Map CDC Transform in BODS

Using this transform’s input requirements (values for the Sequencing column and a Row operation column),  you can perform three functions:

  • Sorts input data based on values in Sequencing column box and (optional) Additional Grouping Columns box.
  • Maps output data based on values in Row Operation Column box. Source table rows are mapped to INSERT, UPDATE, or DELETE operations before passing them on to the target.
  • Resolves missing, separated, or multiple before- and after-images for UPDATE rows.

This Transformation is used to perform the CD,  comparing the Image of the source table with the Image of the target table.

While commonly used to support relational or mainframe changed-data capture (CDC), this transform supports any data stream as long as its input requirements are met. Relational CDC sources include Oracle and SQL Server.

This transform is typically the last object before the target in a data flow because it produces INPUT, UPDATE and DELETE operation codes. Data Services produces a warning if other objects are used after this transform in a data flow.

Options

Sequencing column

(Required) Specifies an integer used to order table rows.

If you are using a relational or mainframe CDC source table, the DI_SEQUENCE_NUMBER column is automatically selected as the Sequencing column.

Input already sorted by sequencing column

This transform by default assumes that the input data is already sorted based on the value selected in the Sequencing column box. If you deselect this check box, Data Services will re-sort the input data using the value in the Sequencing column box.

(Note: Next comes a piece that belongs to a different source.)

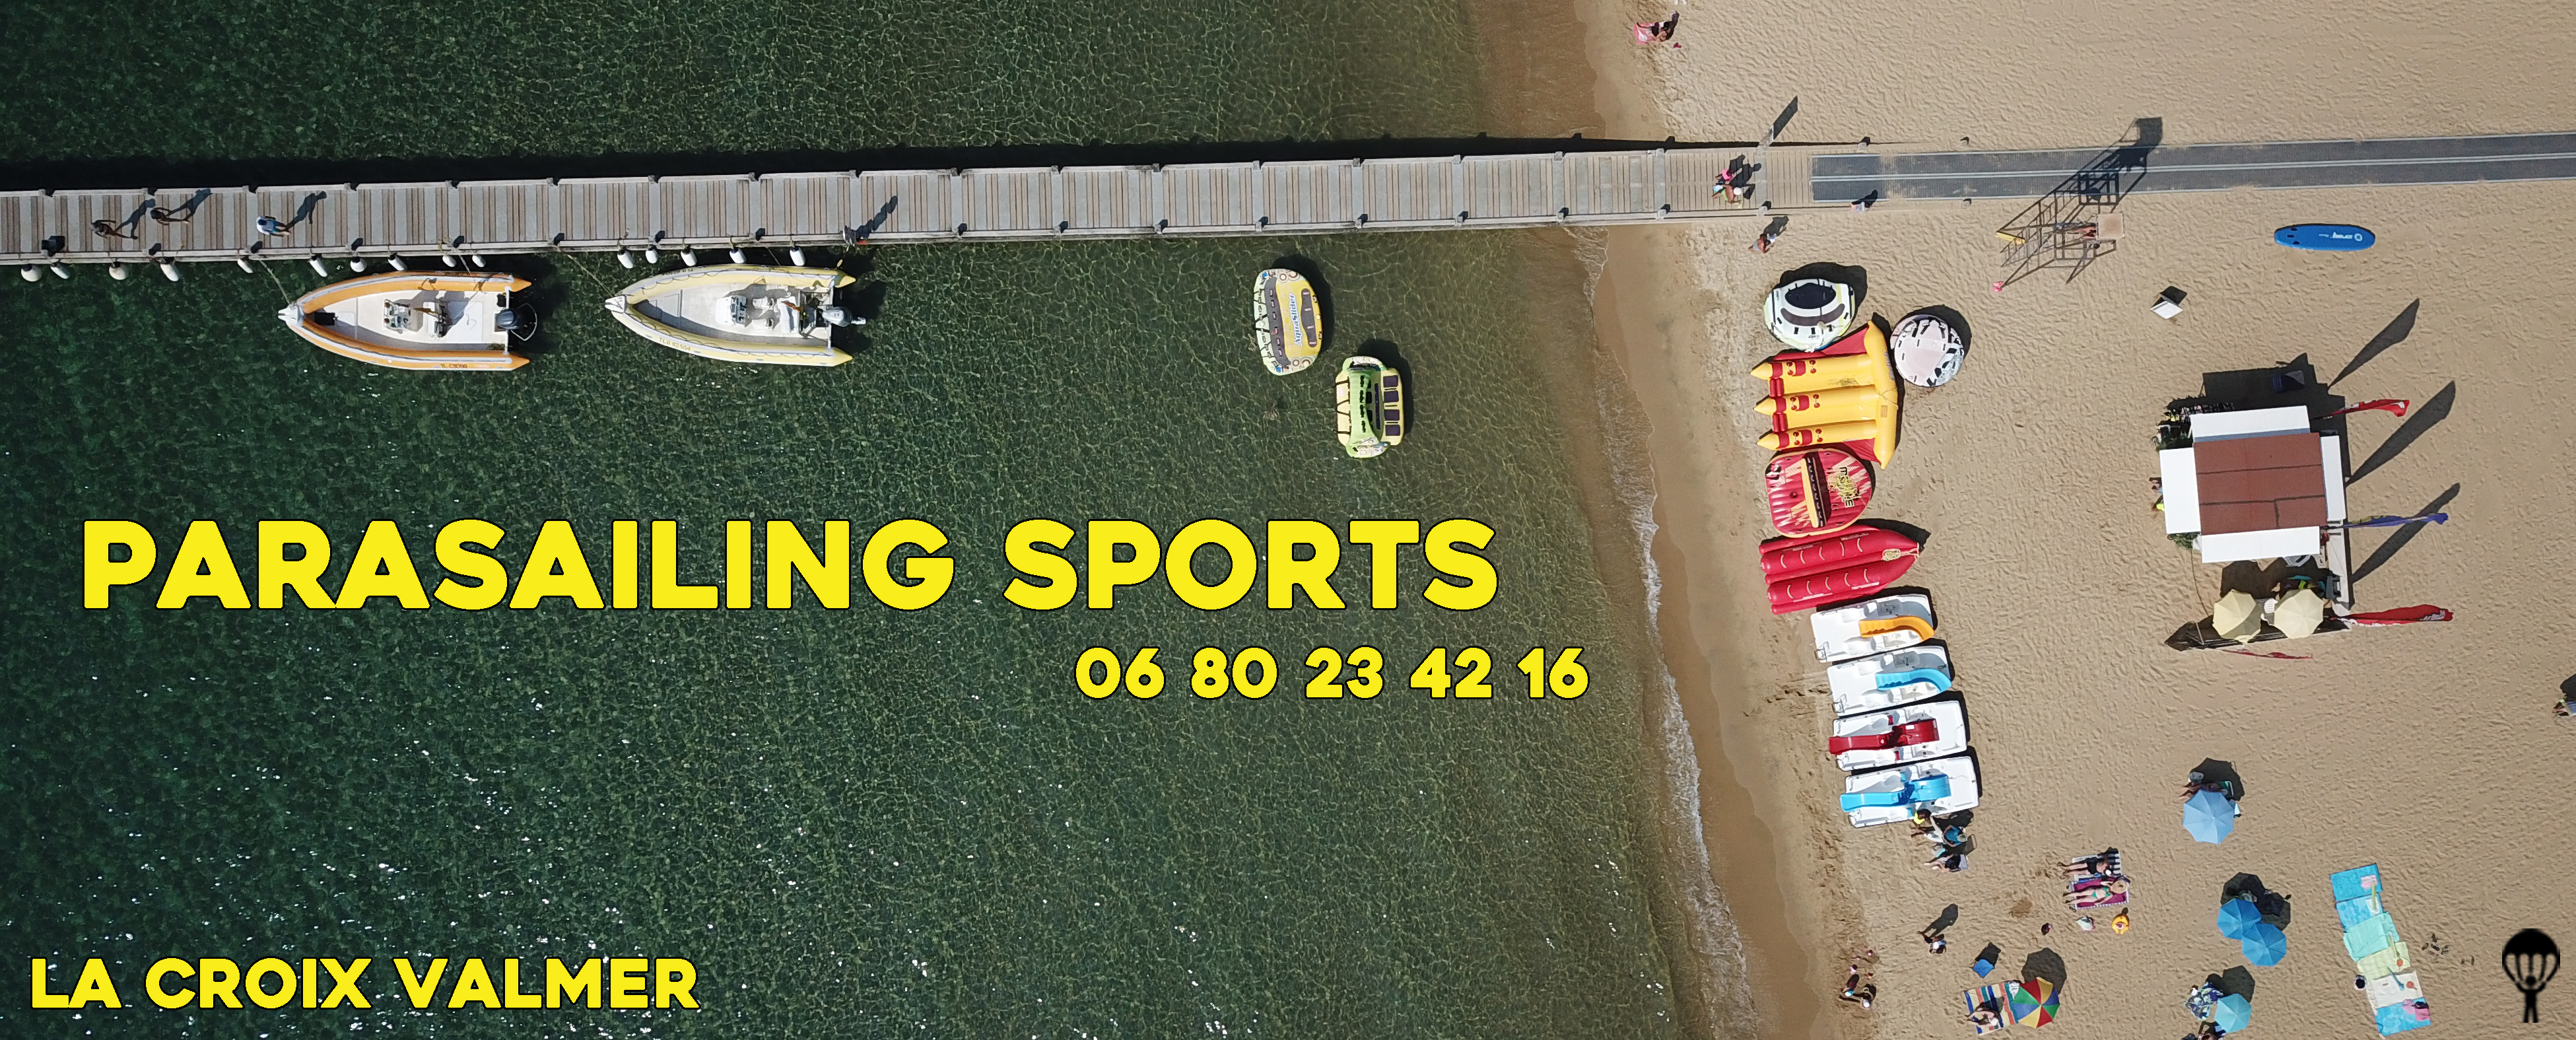 Parasailing Sports logo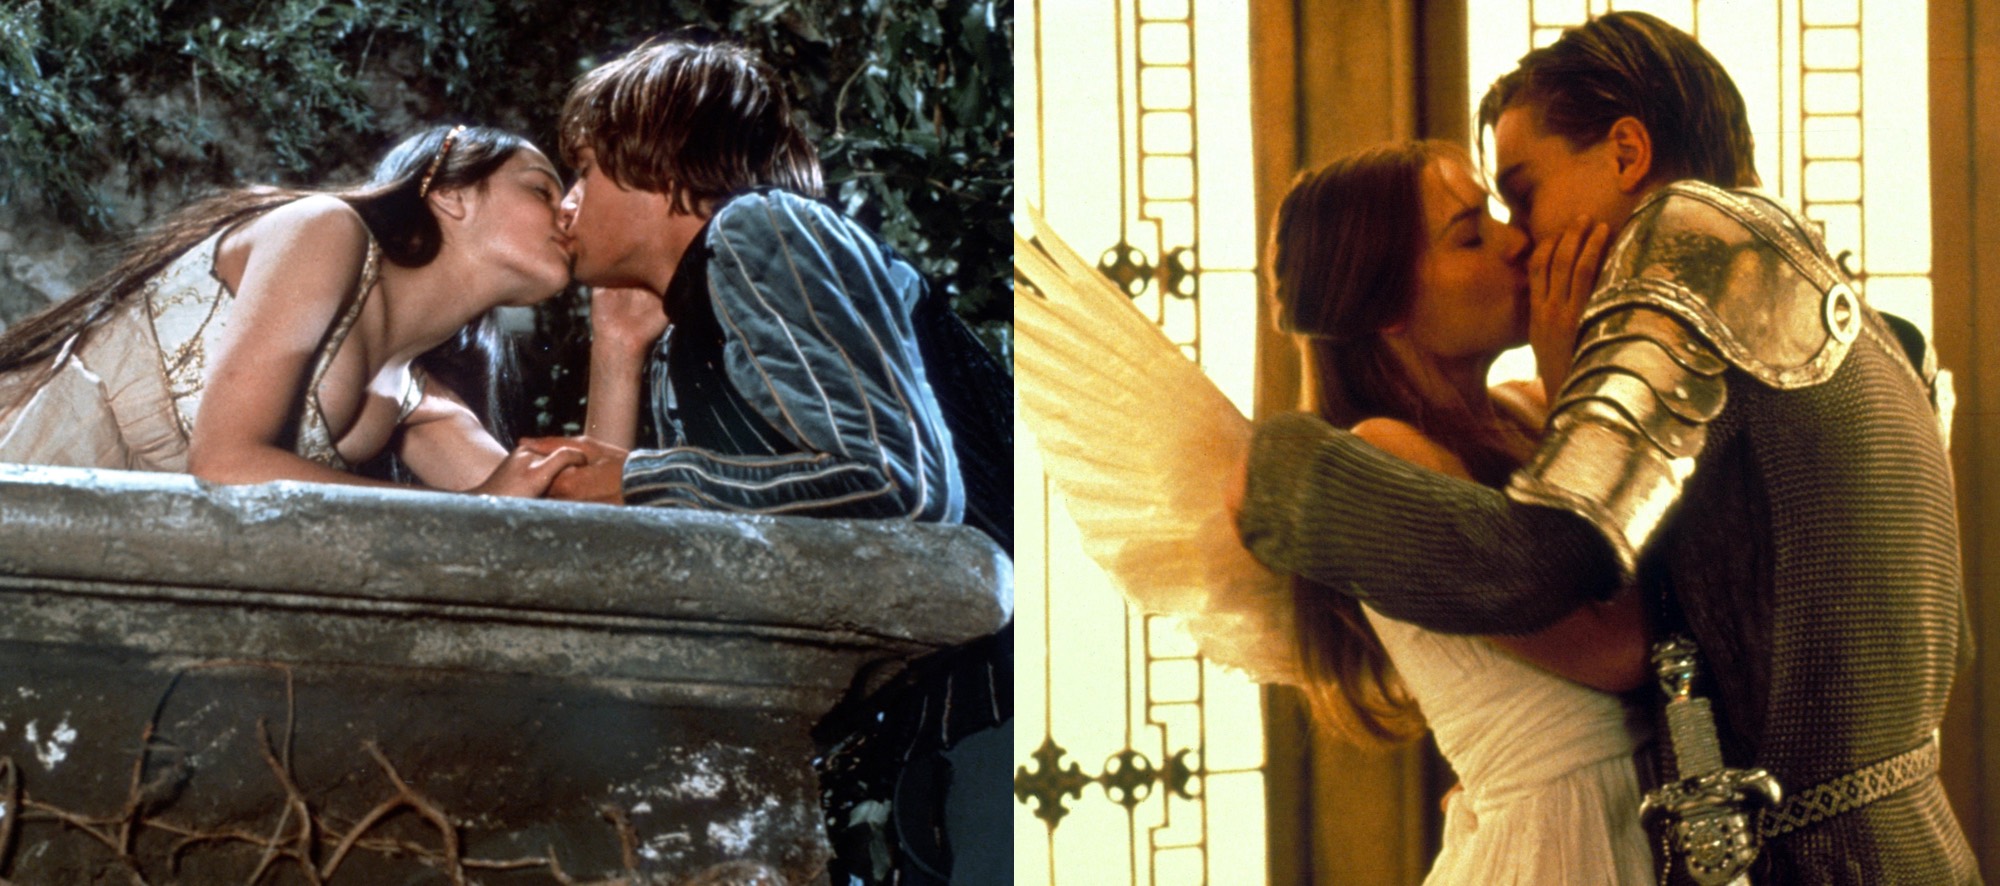 Ромео + Джульетта (Romeo + Juliet), 1996

Use the re-sort capability of this transform only when necessary as it impacts job performance.

Additional grouping columns

In addition to the Sequencing column, you can sort input on additional columns by dragging them into this box from the input schema. Sorts are prioritized based first on the sequencing column and then on the order of the columns added to this box.

Row operation column

(Required) Specifies a column with one of the following output operation codes for each row:

  • I for INSERT
  • B for before-image of an UPDATE
  • U for after-image of an UPDATE
  • D for DELETE

If you are using a relational or mainframe CDC source table, the DI_OPERATION_TYPE column is automatically selected as the Row operation column.

Demonstration:- 

Create a job as below

In the Query Transformation add 2 fields (new output columns)  and map them as-

  • DI_SEQUENCE_NUMBER :- Map this with the function “ Gen_row_number ( )
  • DI_OPERATION_TYPE :- Map this with any one of the operation codes (  ‘I’, ‘U’, ‘D’, ‘B’)
  • I for INSERT
  • B for before-image of an UPDATE
  • U for after-image of an UPDATE
  • D for DELETE

Please find the screen shot below:

In the Transformation “ Map_CDC_Operation”  do the following mapping-

Select the respective fields for Sequence and the Row Operation columns

Sequencing Column  -> DI_Sequence_Number

Row Operation Column -> DI_Operation_Type

Save and execute the job and check the values in the target table.

The records will be inserted in to the target table.

Now go to Query Transformation and change the value of DI_Operation_Type to ‘D’ and once again execute the job.

Check the target table values and you will notice the data is deleted from the target table because of the operation code that you used in the query transformation.

Note: Target table is a permanent table here.